2009-01-05 17:30:57.000 – Ryan Knapp,  Staff Meteorologist

A blank slate.

The year 2008 came to a close on Wednesday and I ushered in 2009 the same way I usher in every new day on the summits – changing our recording charts. While the rest of the crew was watching the ball drop, I waited upstairs counting down to midnight (as always) and then quickly switching out the old charts with new blank charts. In the back of my mind though, I looked at the Hays chart and could not help but think of a few metaphors for this particular night.

But before I run down on metaphors, a quick lesson on the Hays: The Hays chart is connected to our pitot-tube static anemometer (I am not going to discuss how this works since it has been talked about before. But if you would like more information, my coworker Brian has blogged about it here.).

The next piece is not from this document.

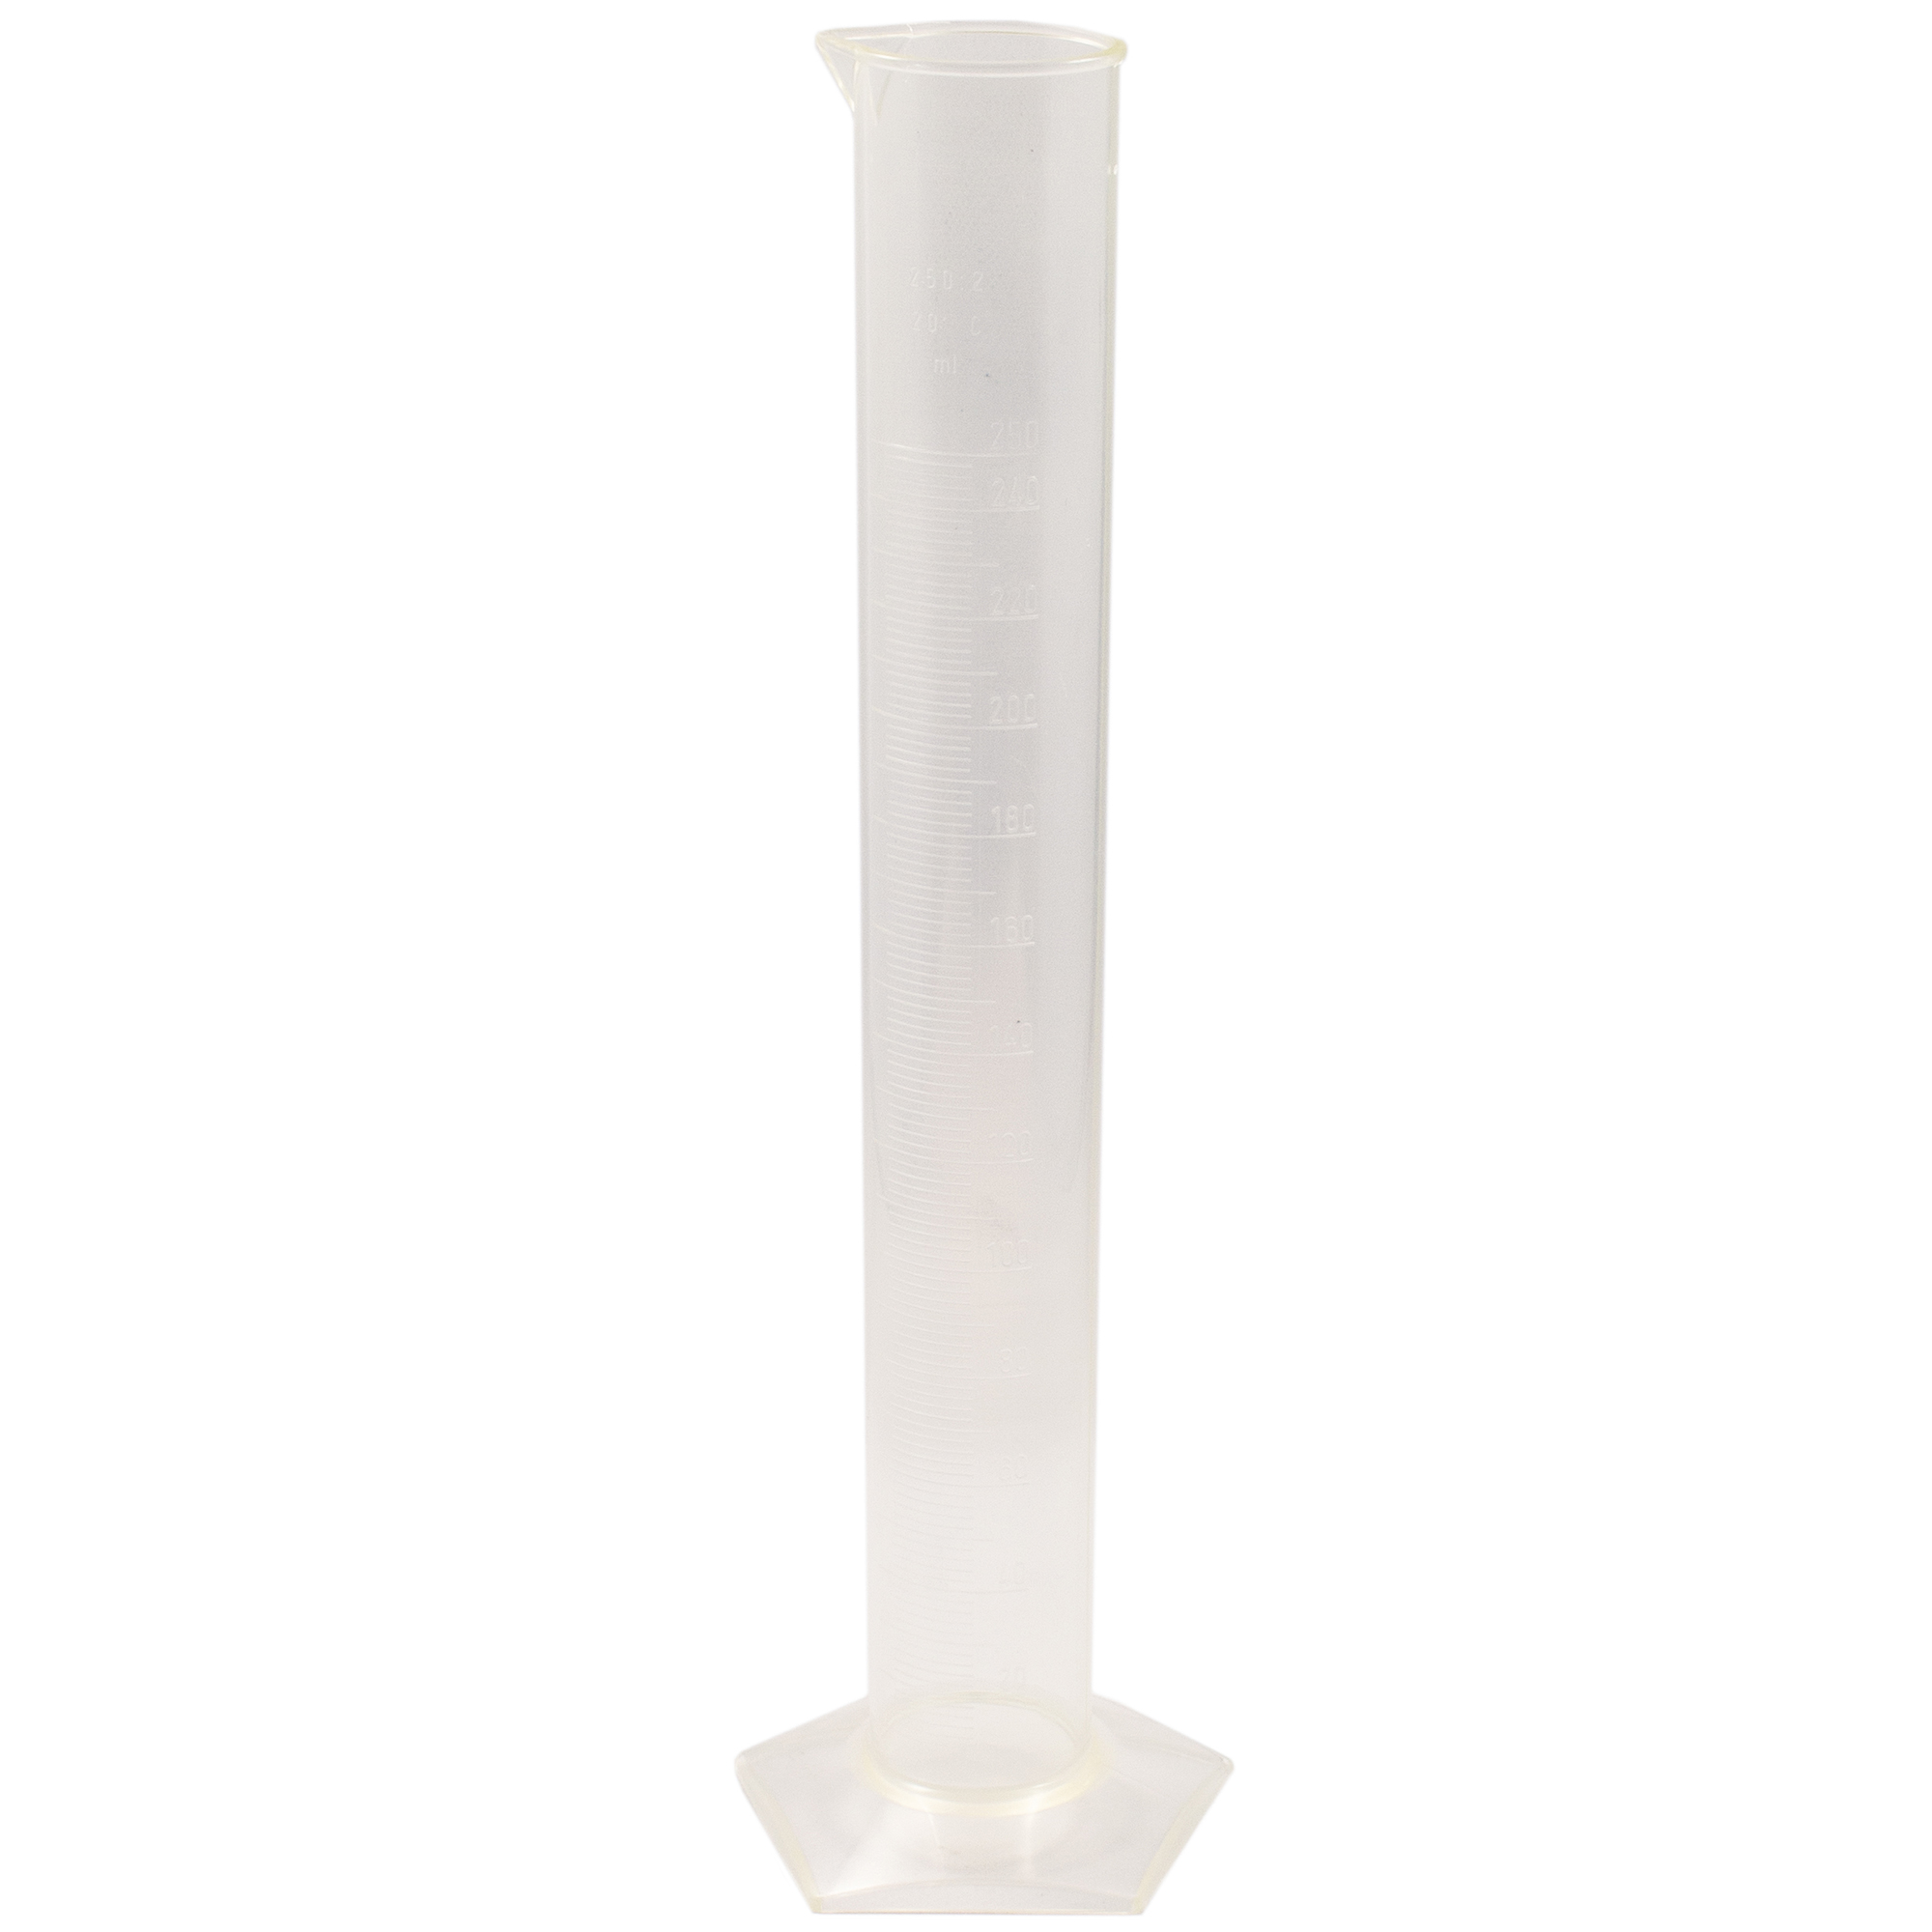 Measuring cylinder plastic (tpx) - 100ml

Through a series of tubing, the wind pressure pushes a needle back and forth on our Hays recorder to represent the activity of the wind. Like I tell our visitors, the thicker the red line is, the gusty the winds are and the further away the red line is from the center, the higher the wind speeds are. Although we still use this device as backup, most instrumentation is digitized now and days so the chart is more for show than anything else on most days.

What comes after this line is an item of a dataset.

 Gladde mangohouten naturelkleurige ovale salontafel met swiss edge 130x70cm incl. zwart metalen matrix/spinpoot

So looking at the chart on December 31st, 2008, it is marked by highs and lows with varying amplitude. This could be related to life or to the past year. It might be the highs of graduation, the birth of a new child, getting promoted, winning the lottery, or buying your first house. The lows might be losing a dog or loved one, losing a job, being lost in the woods, or divorce. The amplitude (or thickness of the line) would be the frequency of which the good and the bad come at you. Sometimes it is narrow meaning it is a series of good or bad events. Other times, it is wide meaning the good and bad come at your in concession meaning one day might be good while the other is bad. Eventually these periods pass and things smooth out once again.

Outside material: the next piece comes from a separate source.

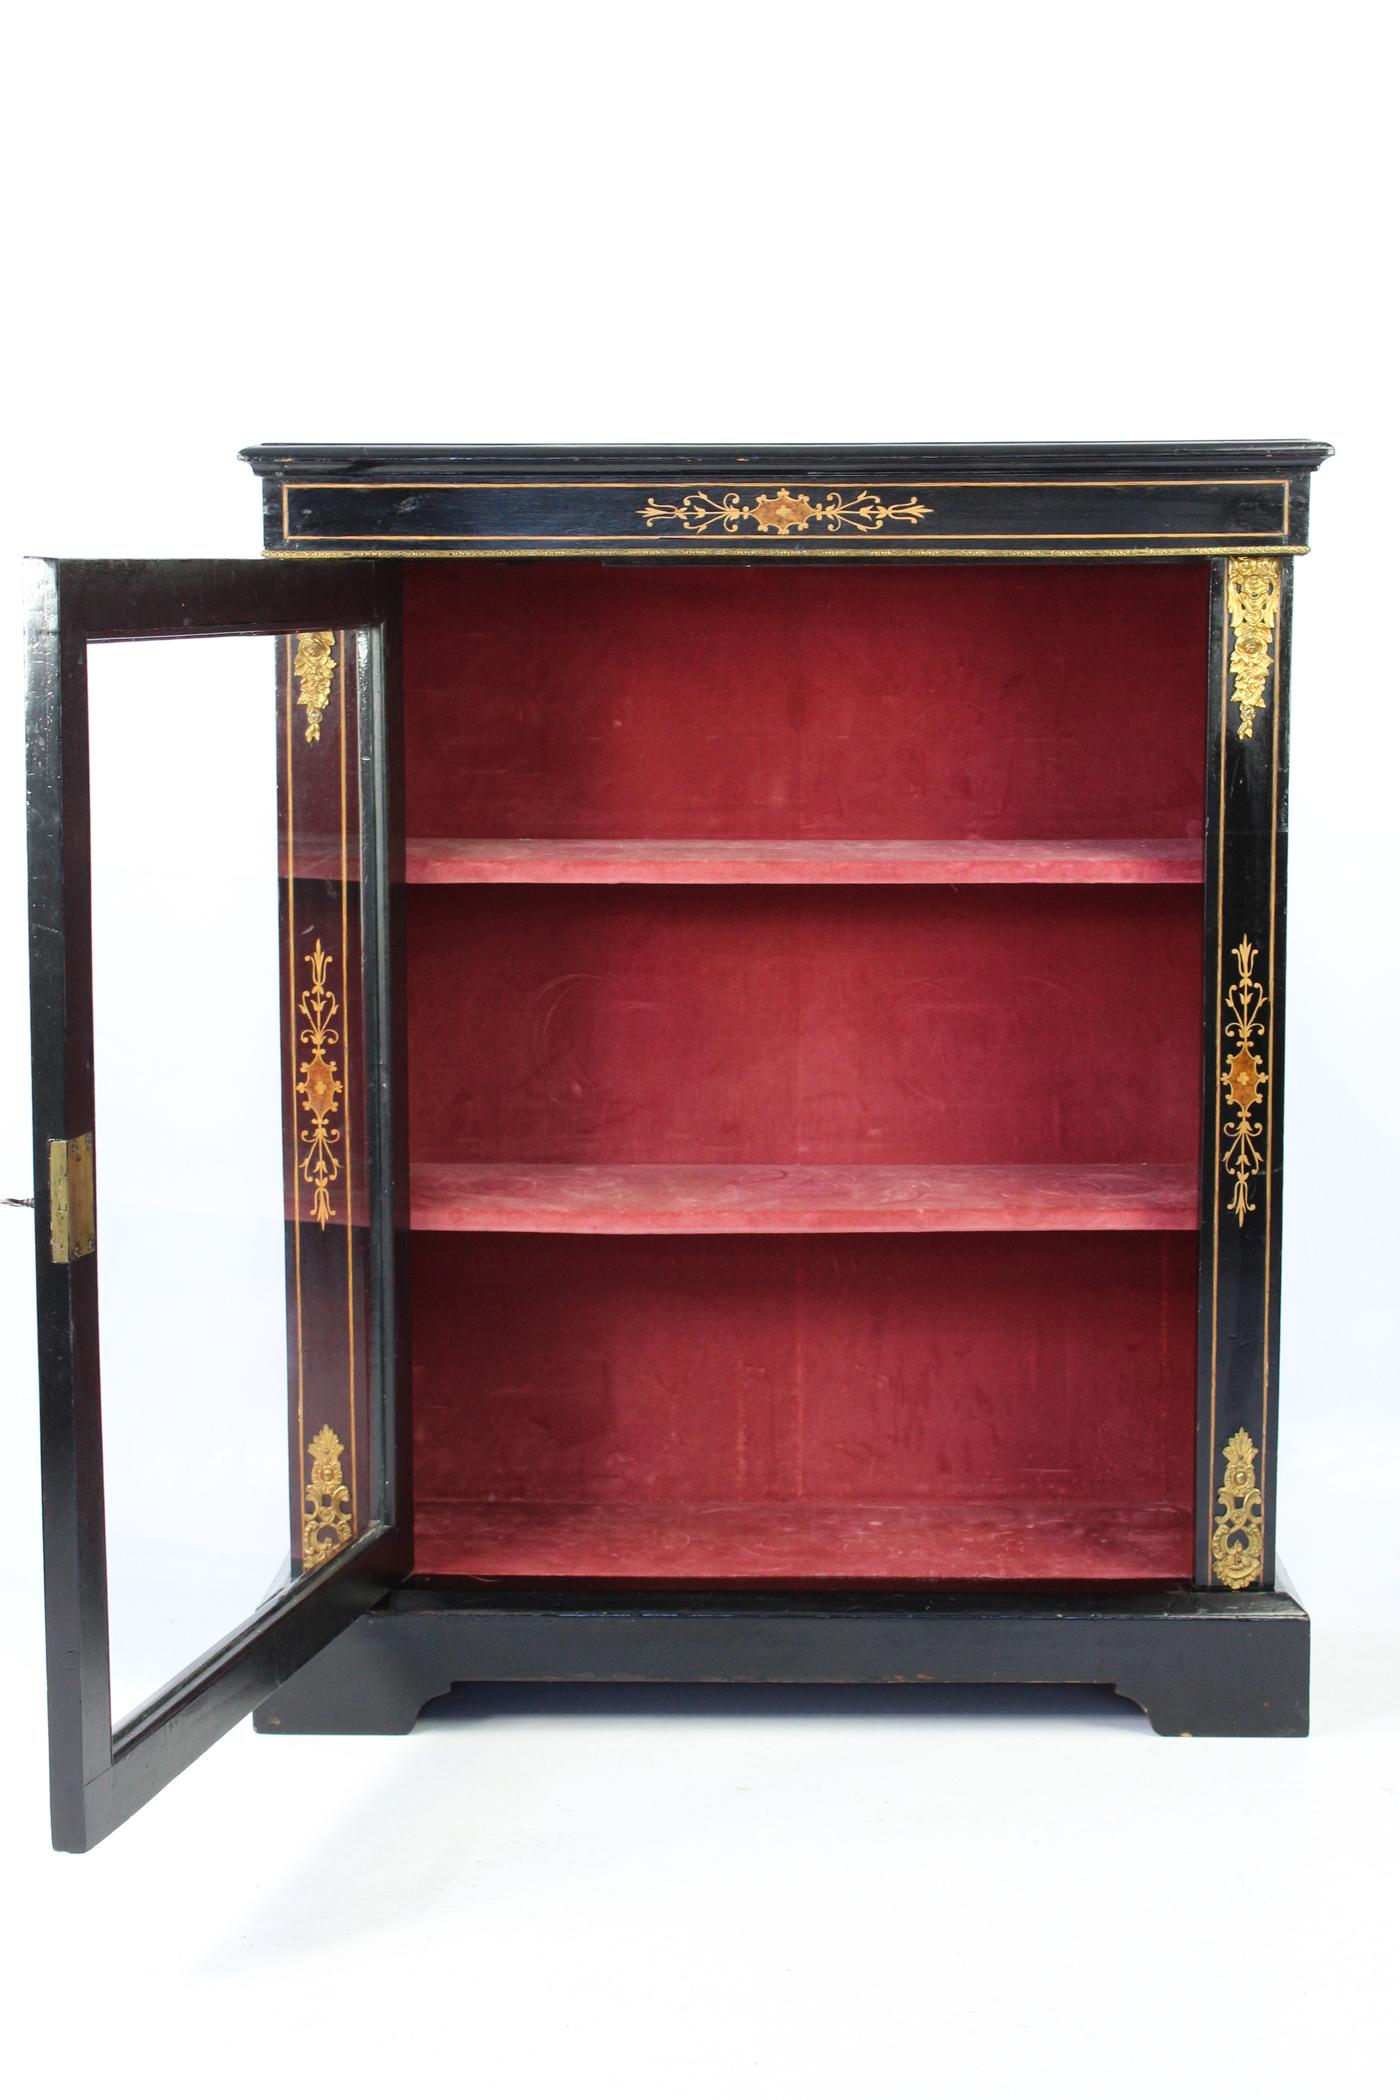 Late 19th Century Antique English Victorian Ebonised Pier Cabinet Bookcase Display Unit circa 1880

And then there is the change. For the Hays, it means putting on a blank chart for the day. This signifies a blank slate, a fresh start, and limitless possibilities. Would the first day of the new year be a calm day or a wild ride filled with tons of highs and lows? (It ended up being really windy). How about the rest of the year? As the clock hit midnight on the New Year, most people looked at the coming year with a blank slate, a fresh start and limitless possibilities. Would the economy pick up? Will I get promoted? Or will I stick to my resolution and visit the gym three days a week? The fact is we don’t know. What has occurred is done, recorded and stored. What is to come is waiting, unknown and still waiting to be written. Good day or bad, think to yourself when you wake up like I do when changing the chart, ‘What will today bring?’